I suppose that you object to the killing of Anwar Al-Awlaki, out of some sort of pacifist conviction. That's fine as far as it goes, I guess. But I'm curious about how this opposition can stand compared to your loud opposition to the execution of Troy Davis. [he's likely talking about this.] If you oppose all intentional taking of human life, doesn't that mean that there's essentially no difference between your opposition to killing Troy Davis, a likely innocent man put to death, and Al-Awlaki, a terrorist? Or Osama bin Laden? I don't understand how a blanket opposition to killing people gives you room to sort good from bad from worse.There are some provisos and qualifications, but then there's the answer.
For a society of law, the killing of Al-Awlaki should be even more disturbing than the killing of Troy Davis. Davis at least enjoyed some kind of due process, although it was the flawed, biased due process of a hideously racist system and one that is massively bent towards maintaining guilt and punishment. Al-Awlaki, an American citizen, was given no trial, no representation, no appeal, no opportunity to defend himself legally at all. None. He was declared a terrorist by the government, again with no due process, and assassinated. That doesn't mean that the moral discrimination about the killing itself is changed, only that the consequences for a supposedly free society are different.
The two men are of course different animals and I judge them, in that way people do, as of different moral character. I have different feelings towards all of the many victims of murder that I'm aware of. I don't suggest that Anwar Al-Awlaki is the same as Troy Davis, nor do I judge Davis in precisely the same way that I judge the victims of any other killing. My stance on the righteousness of killing is not the same as my stance on the righteousness of individuals.

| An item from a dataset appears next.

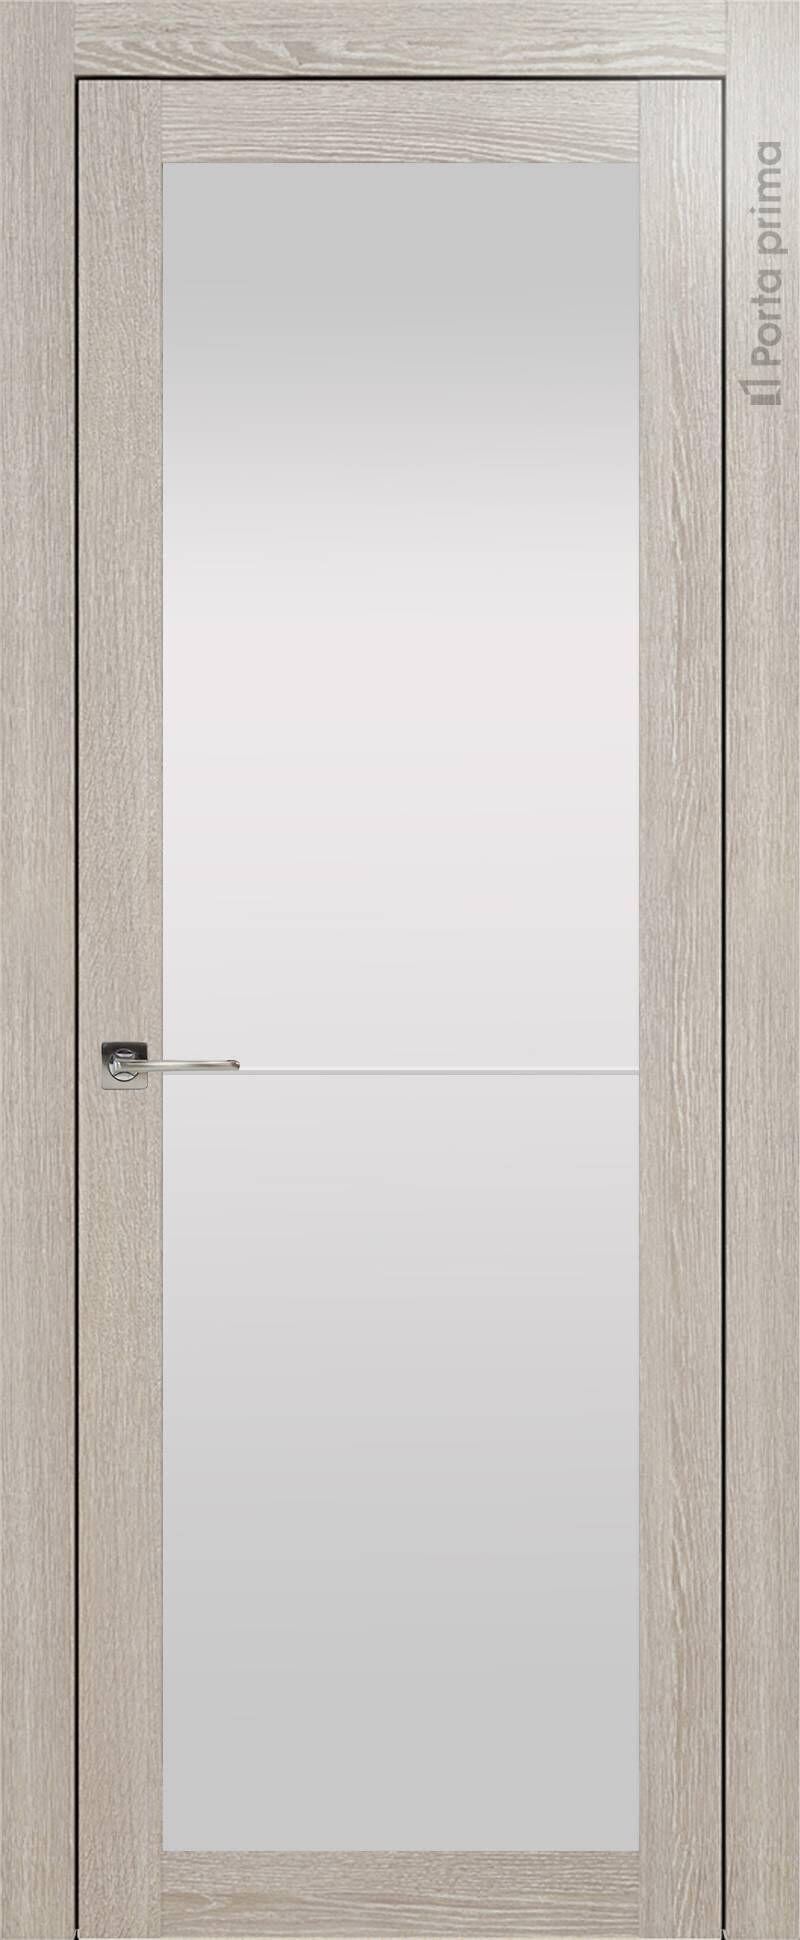 Tivoli З-2 цвет - Серый дуб Со стеклом (ДО)

But let me be absolutely clear and unambiguous: on the moral status of the act of killing Troy Davis, or Anwar Al-Alwaki, or the victims of 9/11, or of American soldiers killed by insurgents, or of insurgents killed by American soldiers, or of Osama bin Laden-- I recognize no difference. Not one solitary ounce of difference. The character of someone killed is utterly and permanently irrelevant to the moral status of that killing. It is as wrong to kill Hitler as it was wrong to kill his victims. I have thought for a long time and I have decided that I am forever out of the business of adjudicating the rightness of this killing or that. It has taken time but my conscience has decided on "always wrong."
Please, tell all the keyboard warriors you know, and let them flame on. I really don't give a shit.